A number of traditionalists claim these extreme setups were created to mask a deficit of technology regulation. That contingent includes Jack Nicklaus, long a critic of loosely regulated golf ball technology.

"The long ball has a negative effect on tournament setups," says Nicklaus. "It forces tournament committees to protect par in some way, and what they'll generally do is put the pins in more awkward positions. The golfers are probably better today. Equipment is better. The golf ball goes farther. So they shoot lower scores, so what? I don't have a problem with that. The only problem I have is when none of the difficulty ever comes in play."

In 1992, when David Feherty was still active on tour, the outspoken Irishman weighed in on newly tightened fairways and excessive rough designed to protect par.
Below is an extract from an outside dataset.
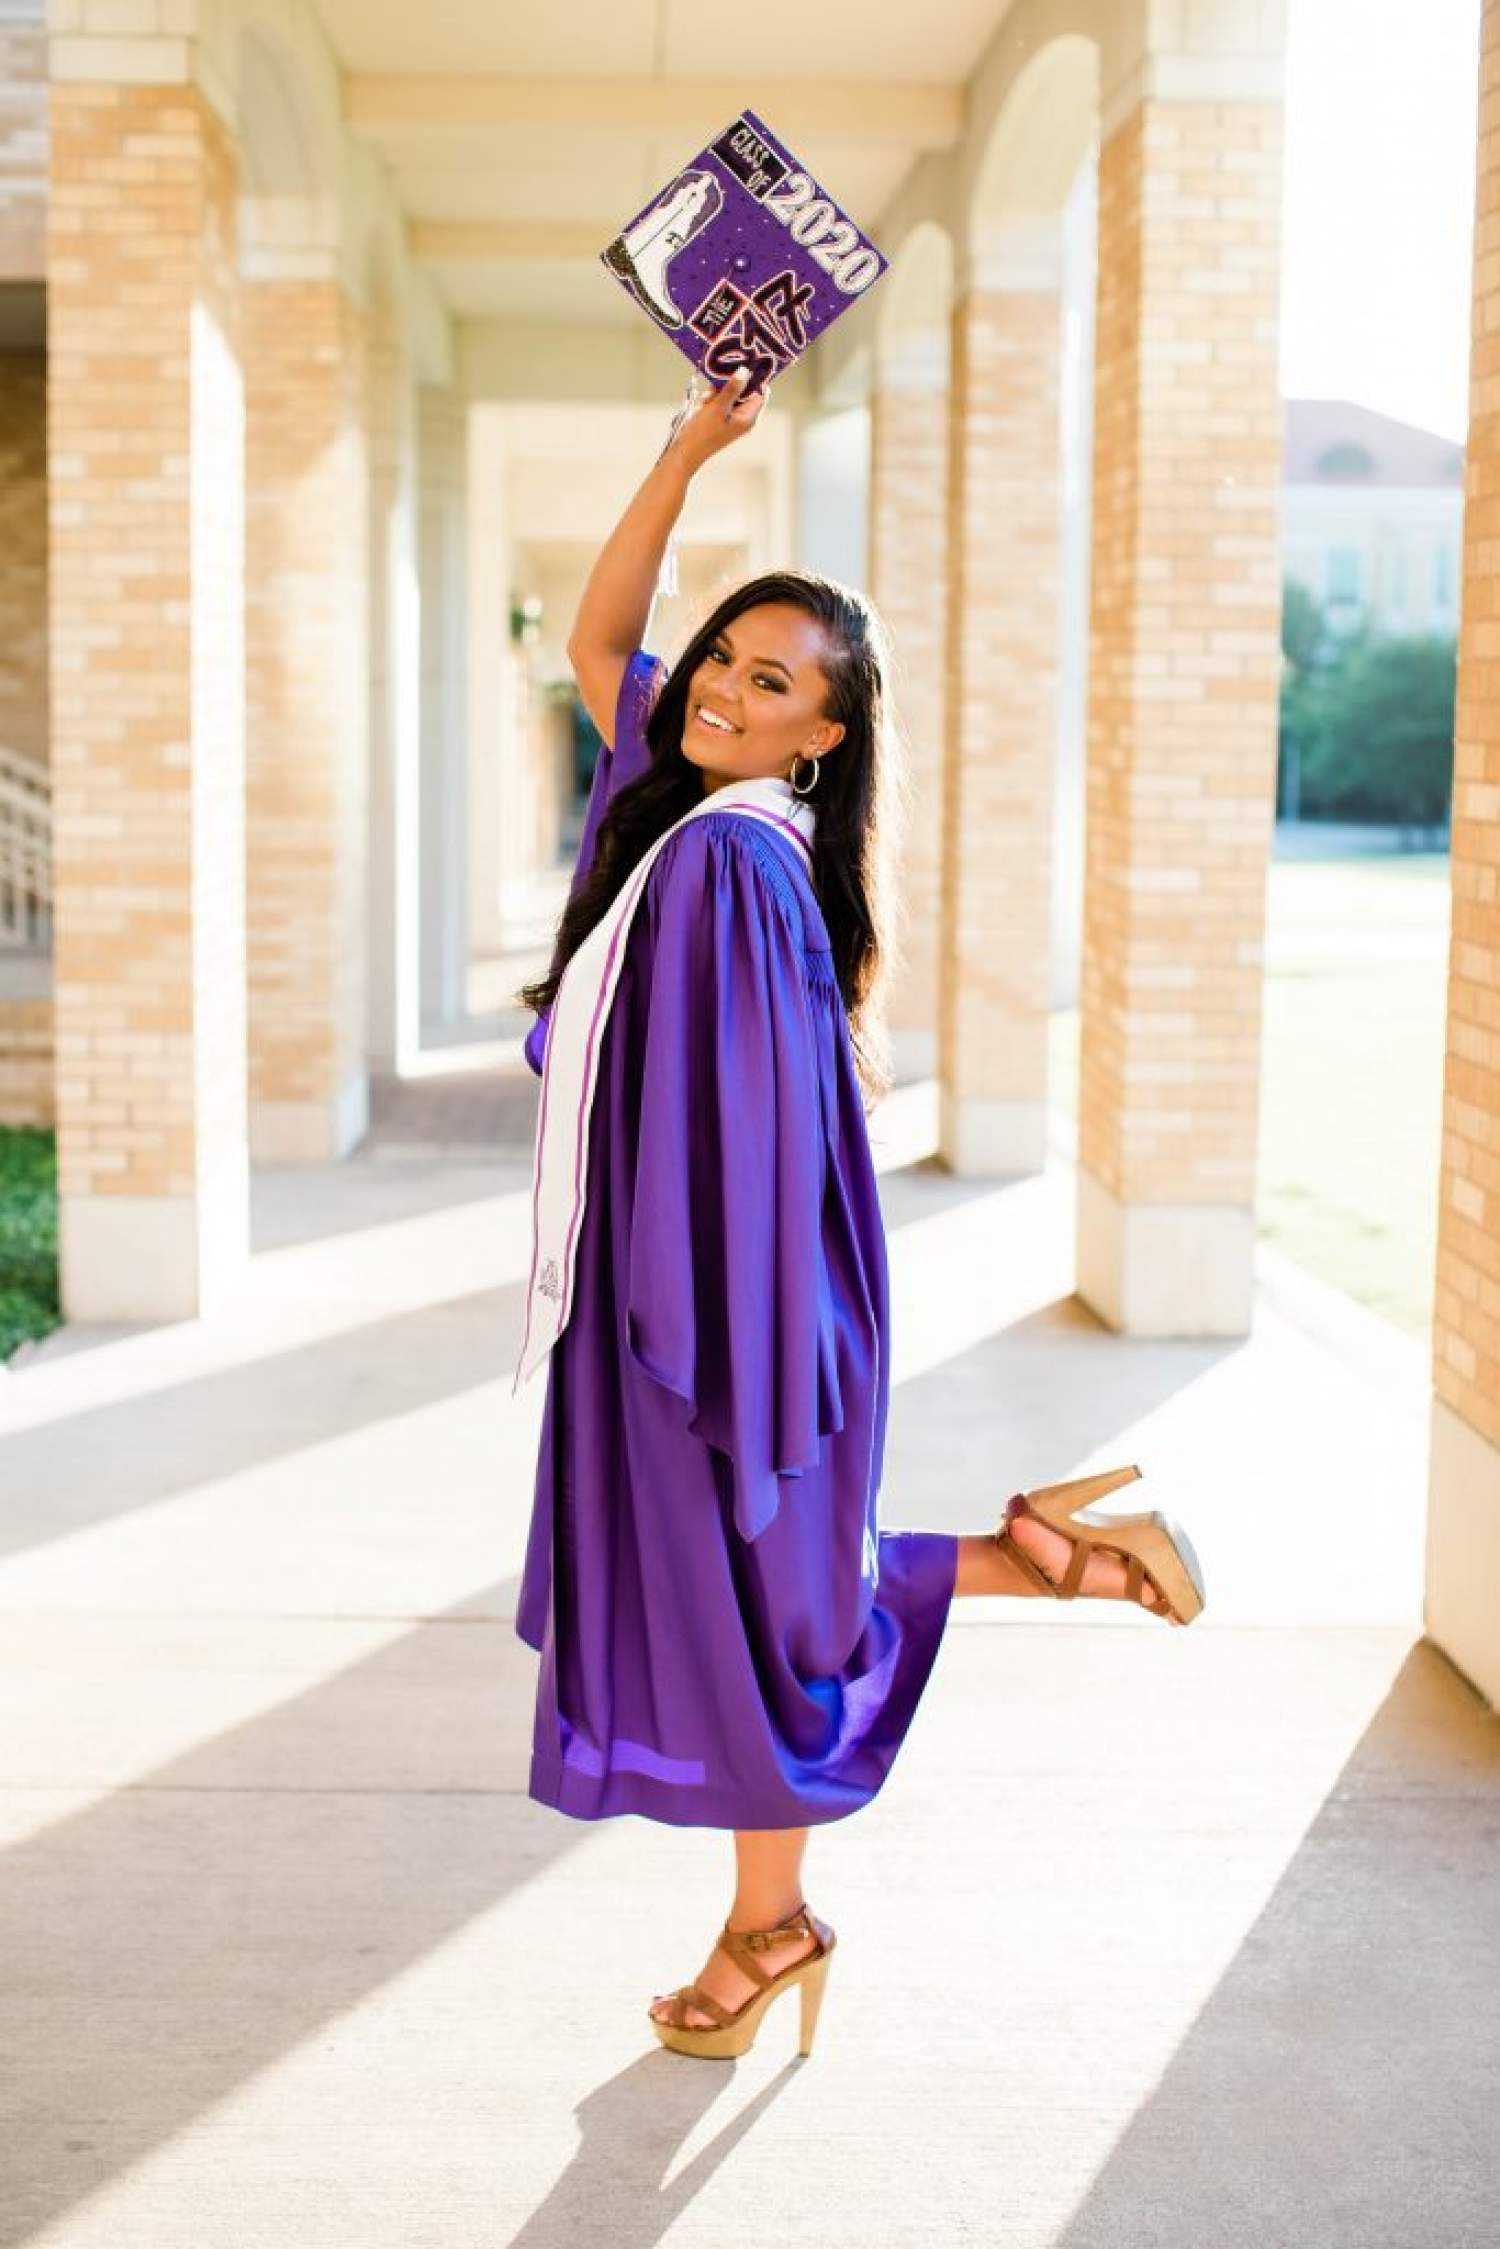 Olivia Moody posed for a picture in her graduation gown in the TCU Commons.

In a piece that appeared in Golf World, Feherty wrote: "I'm always hearing that it's good when par is relevant. I agree, but if athletes swim the 200-meter freestyle faster than they did 10 years ago, the [event organizers] don't throw Jell-O in the pool."

Architect Brian Silva says most classic architecture is overmatched in today's game. "Tournament setups have favored laser-straight fairways, rather than allowing fairways to twist and turn from tee to green," says Silva, whose design partner Mark Mungeam oversaw renovation work leading up to this year's Open at Olympia Fields. "Ultra-narrow fairways, penalizing rough and Stimpmeter speeds way too fast for green slopes developed during the Golden Age, have exerted an artificial 'brake' on golf scores, keeping the spotlight off how far the golf ball has been traveling."At Olympia Fields' North Course, players will see a layout about 300 yards longer than the one on which the 1997 Senior Open (won by Graham Marsh at even par) was staged. But Mungeam says he and his crew worked hard to maintain the integrity of Willie Park Jr.'s design. In particular, they moved tees back to keep original bunker locations in play for today's longer hitters, rather than moving the hazards forward, which would have meant additional (and unnatural-looking) dozer work.

Mungeam says the USGA generally prefers fairways be narrowed to 24-28 yards wide for the Open, a process he consulted on with Meeks and Moraghan at Olympia. "They did get my input on occasion," he says. "I was most concerned that the fairways not become straight lines and that the bunkers still be an integral part of the fairways. ... We cherish classic courses because they set so comfortably on the landscape."

Only when the trophy is hoisted on June 15 will we know whether Olympia Fields' setup enabled an exciting, strategy-laden championship-or if, as Greg Norman lamented in Golf World last year, a length-driven setup eliminated options and catered to souped-up equipment.

"Anyone who believes golf in America hasn't become one-dimensional should study closely what has occurred in this year's major championships," Norman said. "Technology-including balls that don't spin as they did, square grooves, graphite shafts with virtually no torque and lob wedges with 62 degrees of loft or more-has stolen the ability of many of today's young players to adapt under changing conditions. Strategically placed bunkers, hanging lies and challenging turning points are what will put the teeth back into championship golf, not 500-yard par-4s."

In light of unthinkable driving distances and vastly improved course conditioning, is there a way to present challenging championship golf on venues of reasonable length, without turning majors into freak shows?

"They didn't get a grip on the manufacturers," Hal Sutton said last year after seeing USGA-recommended design changes to Riviera Country Club. "And now they are trying to make up for it by changing the greatest pieces of artwork that we have in the world. I think ... the USGA should have stopped this before it ever got to this point, instead of changing great golf courses."

It seems that until par is accepted as nothing more than a number developed for the handicap system, and the technology situation is refined with a tournament ball, there will be more unnecessary changes to classic venues and an increase in the number of course preparation failures.